L’eccessiva secrezione dei peptidi POMC-derivati
ha la funzione di potenziare l’efficacia dell’ACTH a
livello surrenalico. L’azione steroidogenica della
corticotropina è aumentata pari a sei volte quella
degli altri peptidi POMC-melanotropo-derivati
(Shaker e Sharma, 1979;Vinson et al. 1985; Seger e
Bennett, 1986). Perciò anche un lieve aumento
della concentrazione di ACTH, accompagnato da
un elevato aumento di MSH e β-END, può contribuire alla disfunzione adrenocorticale mediata dai
melanotropi. Quindi l’attività biologica dell’ACTH è
notevolmente aumentata nei cavalli colpiti, ed i segni clinici della sindrome possono essere attribuiti principalmente agli effetti del cortisolo endogeno prodotto in maggior quantità. (Glover et al.,
2009; Walsh et al., 2009).
L’aumento della concentrazione sierica di ACTH,
che in alcuni casi si rende evidente, molto probabilmente è legato all’aumento del CLIP. Questa
molecola possiede caratteristiche chimiche simili
alla corticotropina e viene quindi riconosciuta
come tale dalle tecniche immunoreattive utilizzate per determinare la sua concentrazione (Couetil, 1996). Il CLIP però non sembra avere le stesse caratteristiche biologiche dell’ACTH. Inoltre,
in molti casi l’aumento del cortisolo sierico, misurato attraverso un singolo prelievo, non è così
evidente (McFarlane, 2007).

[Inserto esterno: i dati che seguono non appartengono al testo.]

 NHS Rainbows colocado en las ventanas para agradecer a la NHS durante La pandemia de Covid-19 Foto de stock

Una possibile spiegazione può essere l’alterazione dei normali ritmi
circadiani di secrezione di cortisolo in cavalli affetti da PPID; quindi l’accumulo deve essere inteso nell’arco delle 24 ore (Dybdal et al., 1994;
McFarlane, 2007).
Alla luce di queste affermazioni, alcuni quesiti sulla patogenesi della PPID rimangono irrisolti. In
modo particolare i dubbi si concentrano sui cavalli che non presentano iperplasia delle corticosurrenali e non può essere esclusa la possibilità che
altre molecole, non conosciute e diverse dal cortisolo, possano avere importanti effetti sulla patogenesi delle alterazioni indotte da PPID (McFarlane e Toribio, 2010).

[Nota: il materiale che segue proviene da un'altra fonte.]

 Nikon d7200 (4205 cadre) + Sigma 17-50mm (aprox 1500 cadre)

La sintomatologia caratteristica della PPID è
estremamente ampia e variabile. I segni clinici che
si riscontrano con maggior frequenza sono irsutismo, laminite cronica, perdita o aumento di peso
con ridistribuzione del grasso corporeo, letargia,
poliuria e polidipsia, iperidrosi, atrofia muscolare,
infezioni concomitanti e alterazioni neurologiche
(Schott, 2006).
La diagnosi si basa sullo studio dinamico dell’asse
ipotalamo-ipofisi-surrene del paziente e si presenta di facile attuazione quando sussistono i segni
clinici tipici della patologia.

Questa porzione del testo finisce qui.